Effect of surface modifier and solvent on the affinity between the surface-modified solid and organic solvent: A molecular dynamics study

To control the dispersibility of surface-modified nanoparticles in fluid, it is important to evaluate the affinity between surface-modified nanoparticles and solvents and elucidate the effect of surface modification on the affinity at the molecular level. In this study, the effect of the chain length of the surface modifier and solvent on the work of adhesion Wadh was investigated for the carboxylic acid-modified Al2O3/n-alkane interface by molecular dynamics simulations using the phantom-wall method. Here, we adopted hexanoic acid, decanoic acid, and octadecanoic acid as the surface modifiers and n-hexane, n-decane, and n-dodecane as the solvents. At a surface coverage of 100%, the effect of the modifier length on Wadh was small because the solvent did not penetrate any modifier layers with a dense packing state.

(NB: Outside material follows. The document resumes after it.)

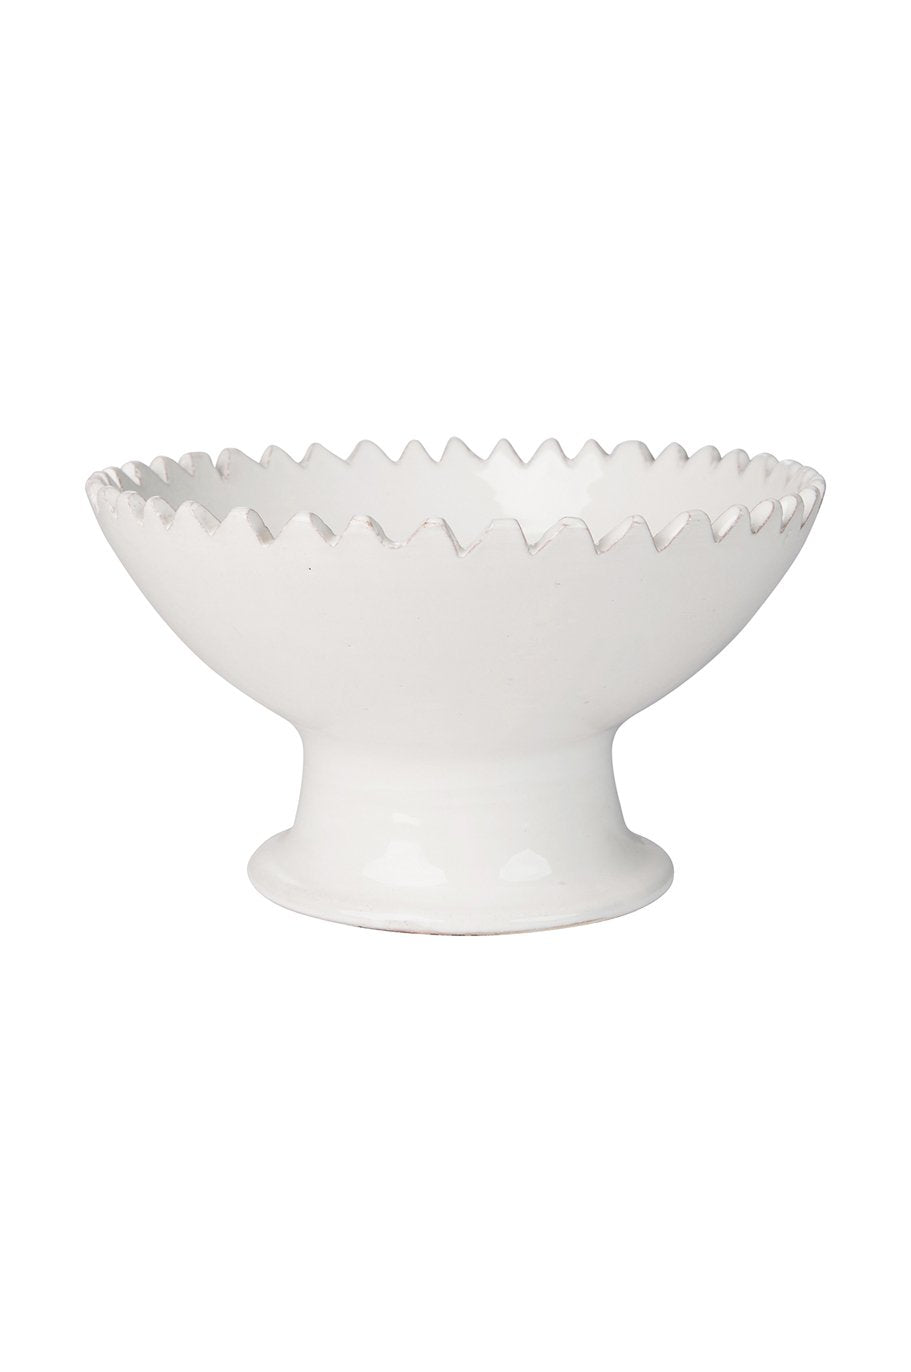 Moroccan White Zigzag Pedestal Bowl Bohzali nz

At a surface coverage of 50%, the solvent penetration was good except for the octadecanoic acid modifier, and Wadh for the decanoic acid modifier was higher than that for the hexanoic acid and octadecanoic acid modifiers. For the decanoic acid modifier with a surface coverage of 50%, the effect of the solvent length on Wadh was small because the density distributions of the modifier and solvent near the interface were almost the same in all solvent systems. Solvent penetration was evaluated using the overlap parameter, which is the degree of overlap of the density distribution. A large penetration resulted in high Wadh. We demonstrated that the affinity between surface-modified nanoparticles and solvents can be increased by ensuring high modifier-solvent penetration via adjusting the surface coverage and surface modifier.